Кавос, обыкновенно, лежал у ее ног на ковре со страшной экземой на лице, которое казалось густо осыпанным пудрой, неизменно веселый, с французскими фразами на устах и острословный. Сологуб читал, слегка картавя, стихотворения с философским содержанием, Минский также читал свои поэмы, и вопил Фофанов, с безумным восторгом рифмуя свой триолет, который отличался от обыкновенного триолета тем, что растягивался чуть не на триста стихов.

Однажды Фофанов пришел к Мережковским на вечер в огромном белом воротнике, резко выделяющемся на черной блузе. При ближайшем рассмотрении воротник оказался вырезанным из бумаги.
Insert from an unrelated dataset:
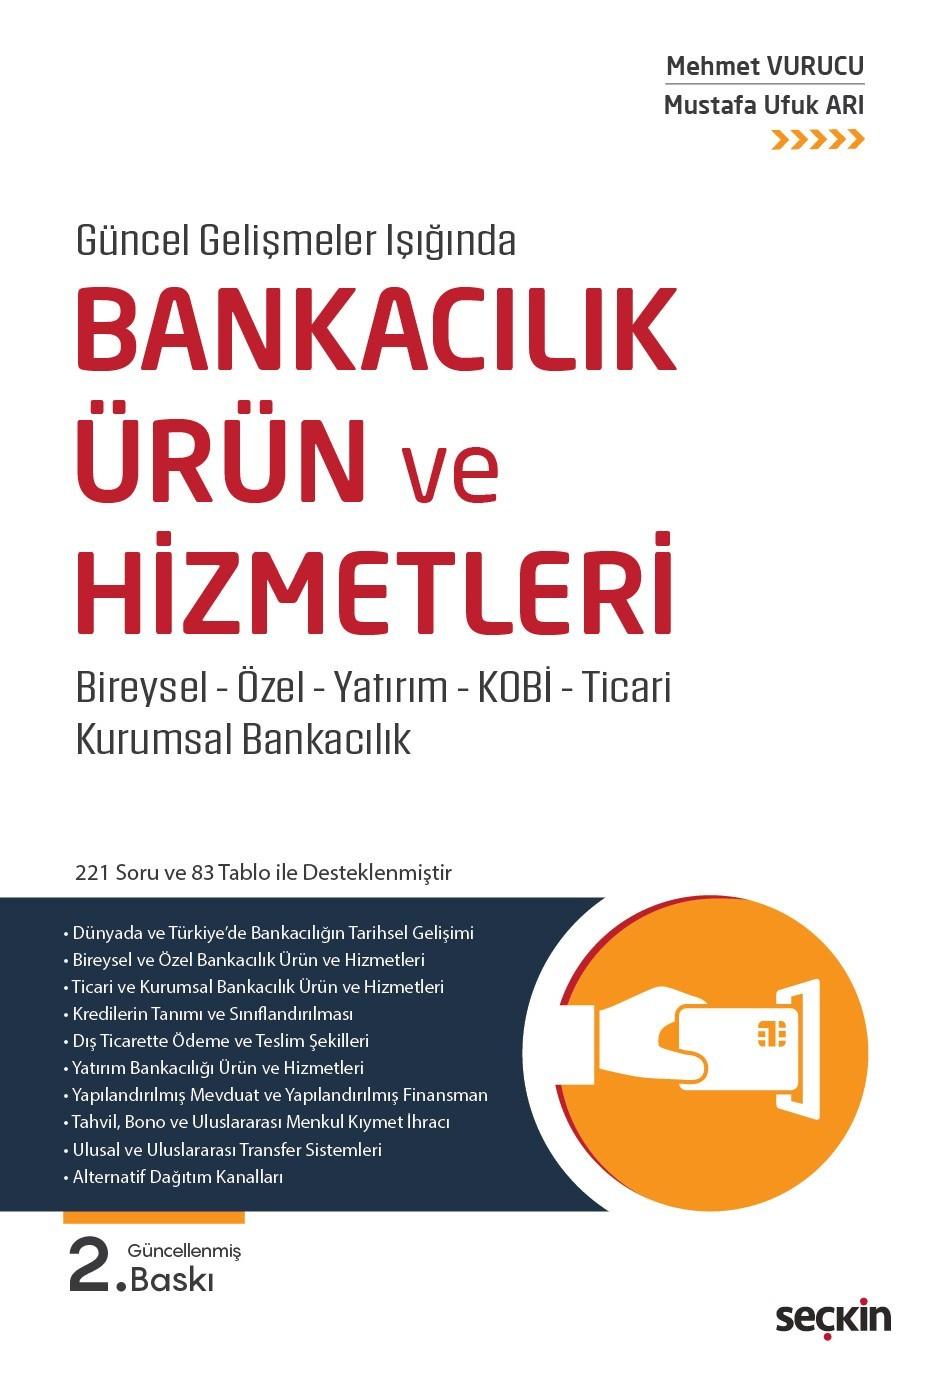 BANKACILIK ÜRÜN ve HİZMETLERİ ( 2. Baskı )
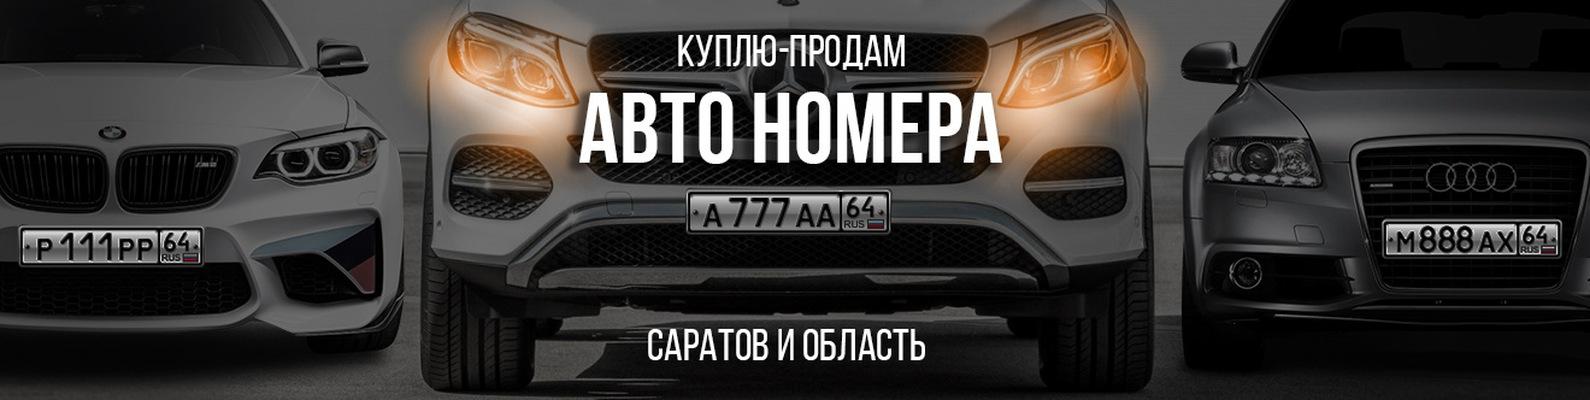 Продажа и покупка авто в Беларуси купить автомобиль бу

Смешное и жалкое впечатление производил он в этом костюме; но он был вдохновенно настроен, так что впечатление это скоро изгладилось. Мережковская затем выдумала игру, повинуясь своему резвому темпераменту девочки. Она пряталась за опущенные портьеры в амбразуре глубокого окна и вызывала поочередно к себе гостей, словно на исповедь, которая продолжалась не больше полуминуты. Она что-то спрашивала и надо было ей что-то ответить. Детская игра эта была прервана внезапным криком Фофанова, который с выпученными глазами выскочил из-за портьеры и ринулся прямо в переднюю и на лестницу. Бибиков погнался за ним, Фофанов, одним словом, внезапно сошел с ума и явился к Репину. С большим трудом Репину и Бибикову удалось проводить его домой; но на другой день он уже был в больнице чудотворца Николая[471]. Долго просидел он там и вышел на свободу лишь через несколько месяцев.

— На чем же ты помешался, Костя? — спрашивали мы его.

— На мухе! — отвечал он еще с оттенком ужаса — в глазах. — Мне муха представилась, огромная муха величиной во все окно! Она меня преследовала и в моей памяти, и я не знал, куда от нее деваться. Я понял, что околдован, и выдумал молитву против мухи. Каждый день я тридцать три раза повторял ее. Смотрю, на другой день муха уже съежилась; становилась все меньше и меньше; наконец, уже в мае месяце, совсем крохотная стала, засохла и прилипла к стеклу. Тут ясно стало, что колдовство с меня сошло. Нет, я никогда больше не приду к Гиппиус. Конечно, я не верю в волшебниц, теперь не такой век, но знаете, господа, что-то есть. Я боюсь Гиппиус. Подальше от нее!

Помню, один тоже крупный поэт, уже не первой молодости, грозил, что застрелится, если Гиппиус будет играть им.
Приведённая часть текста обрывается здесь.